__Problem to work on__. Leave every image out, and return the rest of the data word for word.

__Supplied data__.
[Start of Attachment]

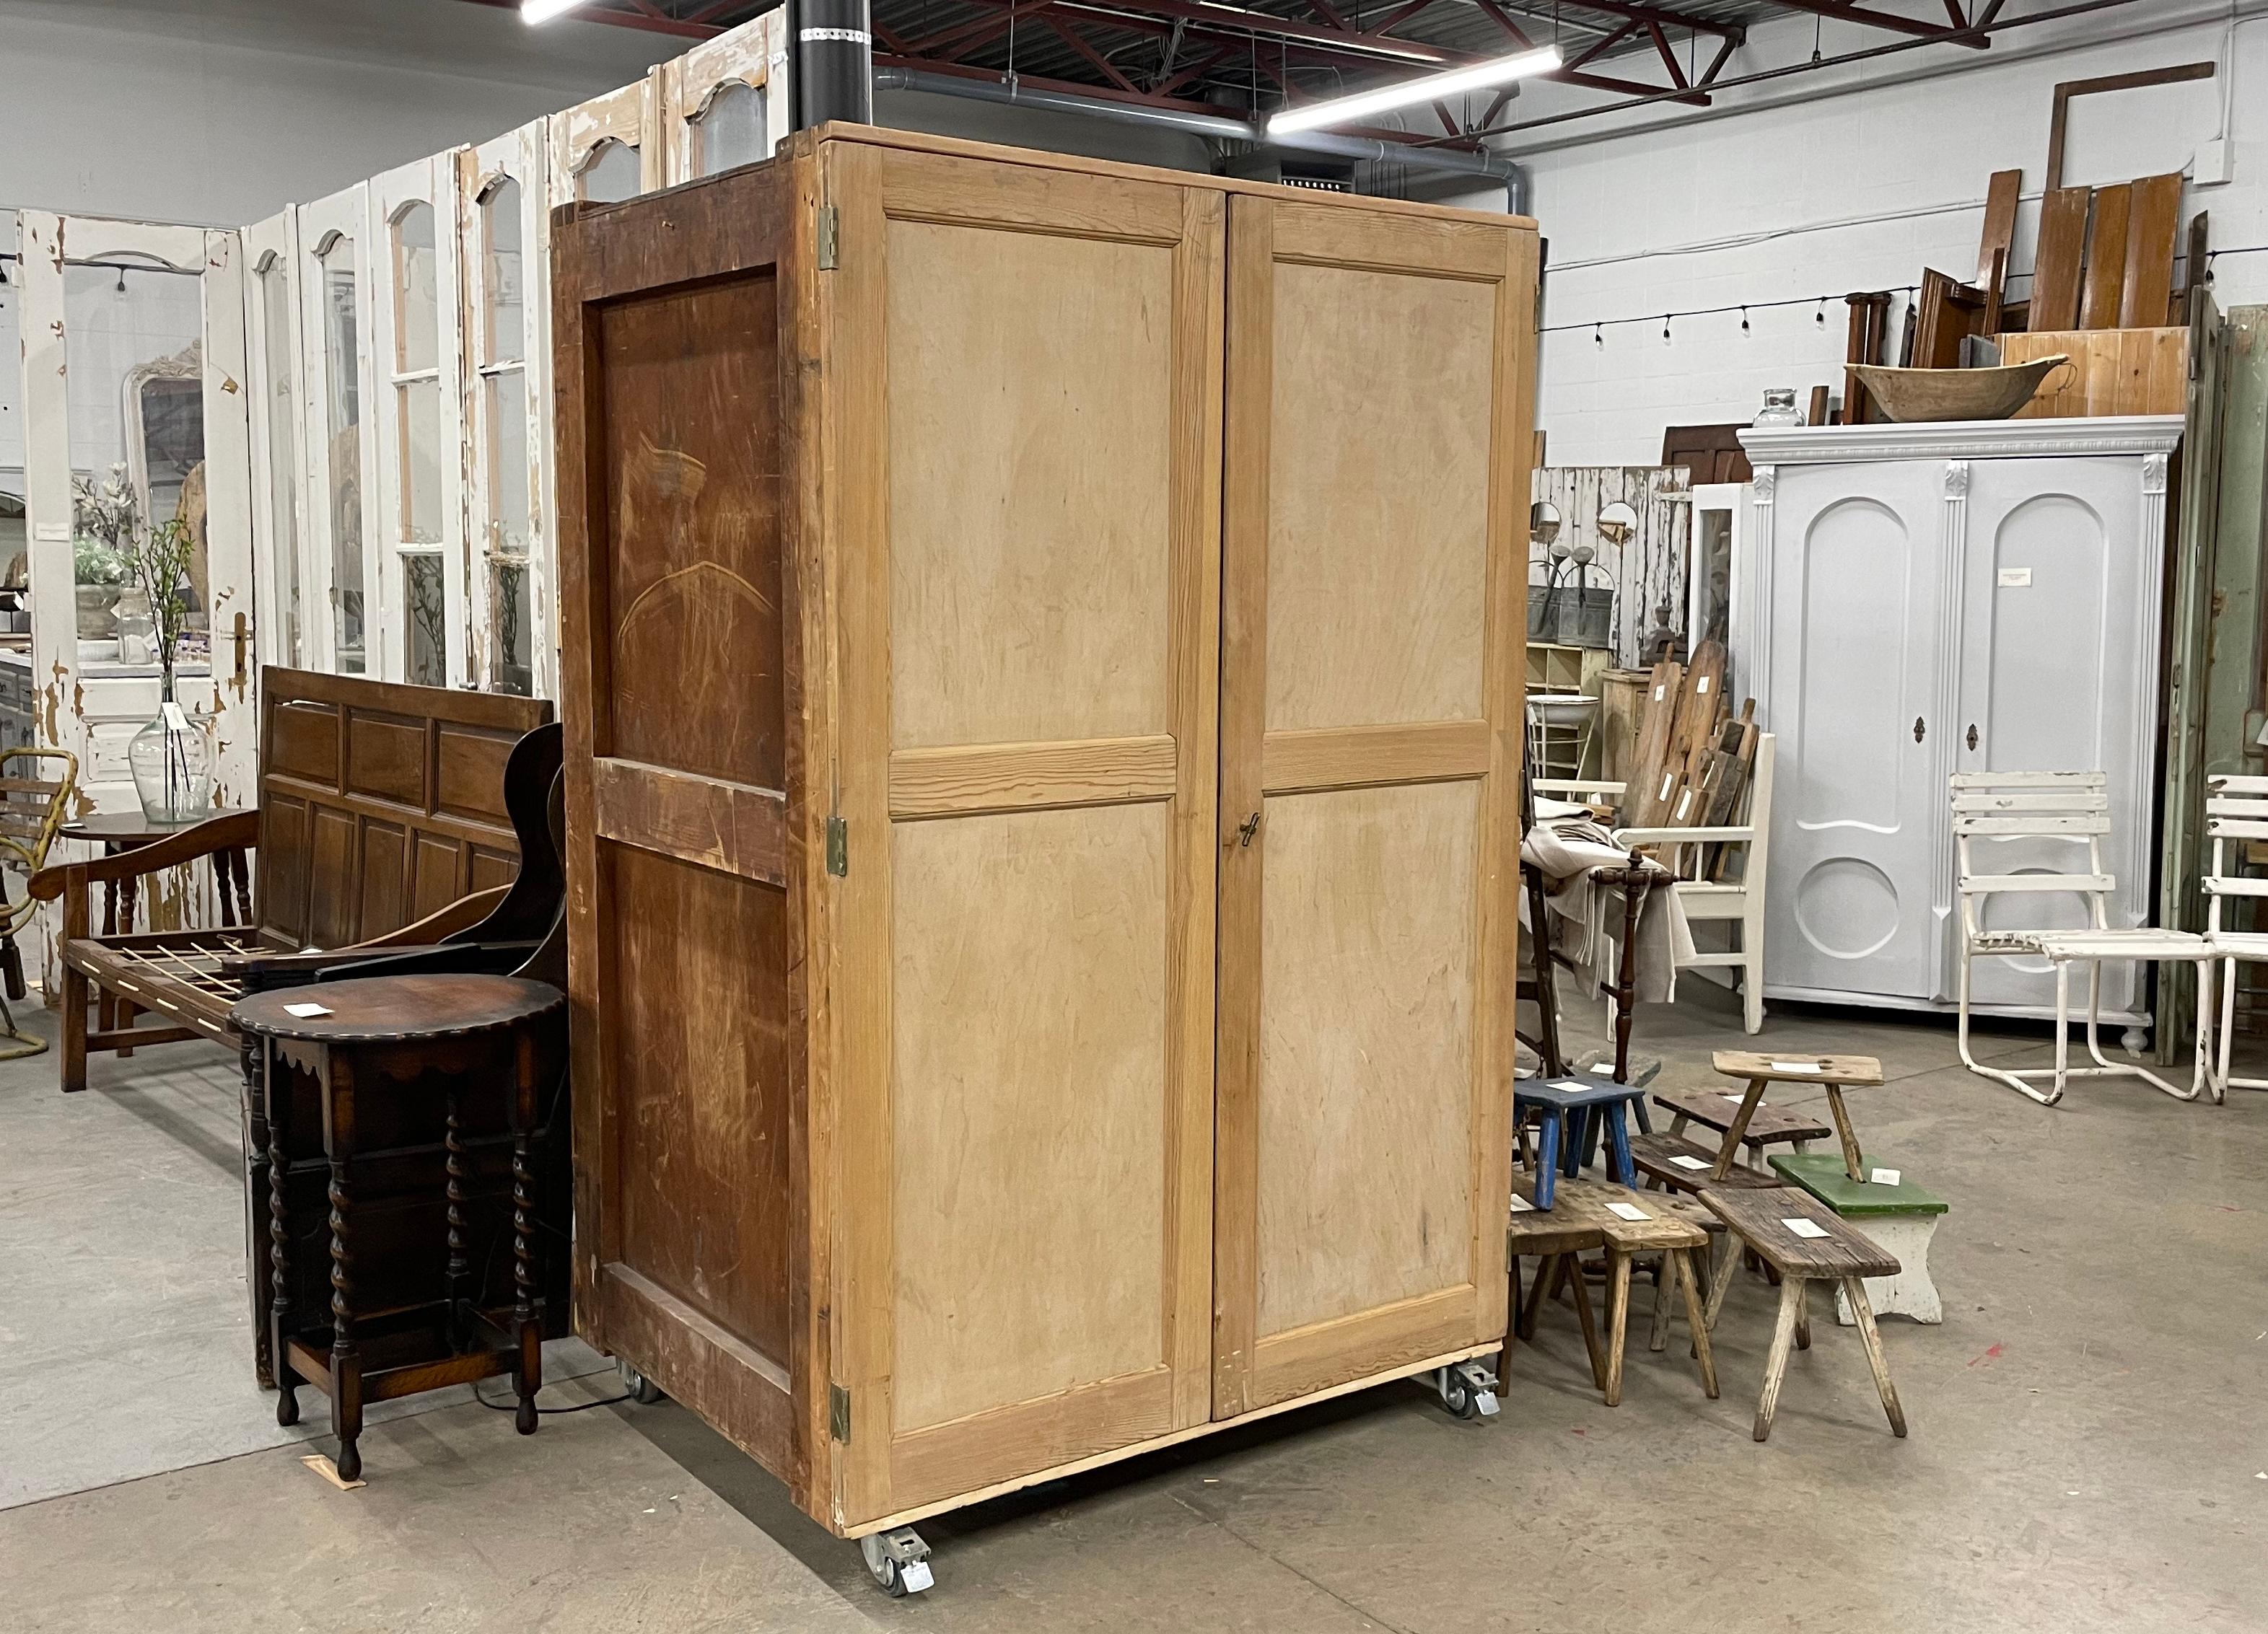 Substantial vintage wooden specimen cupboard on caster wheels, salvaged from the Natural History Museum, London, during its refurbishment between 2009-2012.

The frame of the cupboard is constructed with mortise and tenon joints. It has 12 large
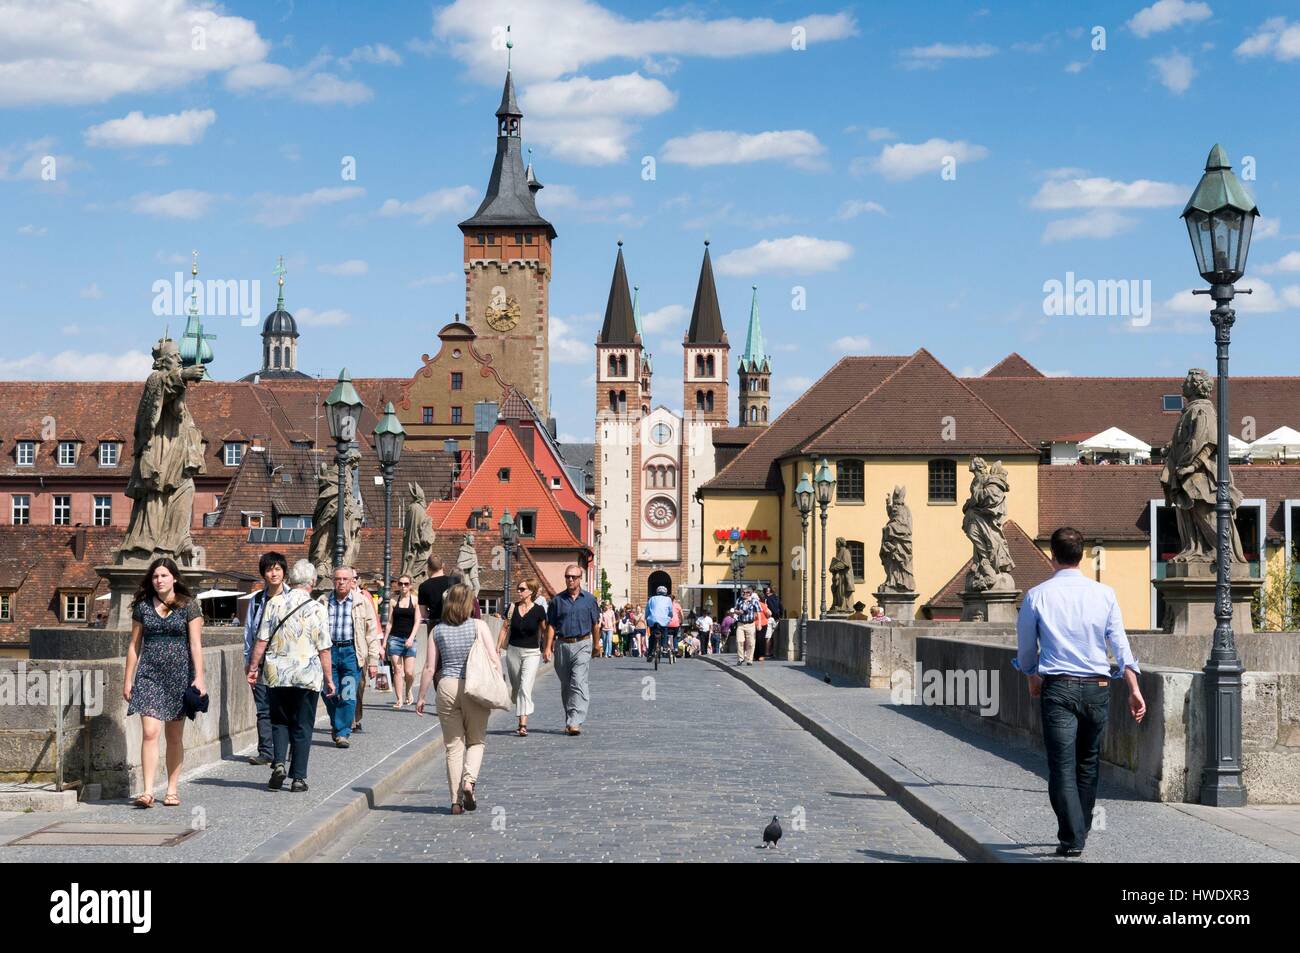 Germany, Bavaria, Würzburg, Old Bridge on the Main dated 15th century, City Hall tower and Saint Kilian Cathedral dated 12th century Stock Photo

[End of Attachment]

__Answer space__.
 Substantial vintage wooden specimen cupboard on caster wheels, salvaged from the Natural History Museum, London, during its refurbishment between 2009-2012.

The frame of the cupboard is constructed with mortise and tenon joints. It has 12 large
 Germany, Bavaria, Würzburg, Old Bridge on the Main dated 15th century, City Hall tower and Saint Kilian Cathedral dated 12th century Stock Photo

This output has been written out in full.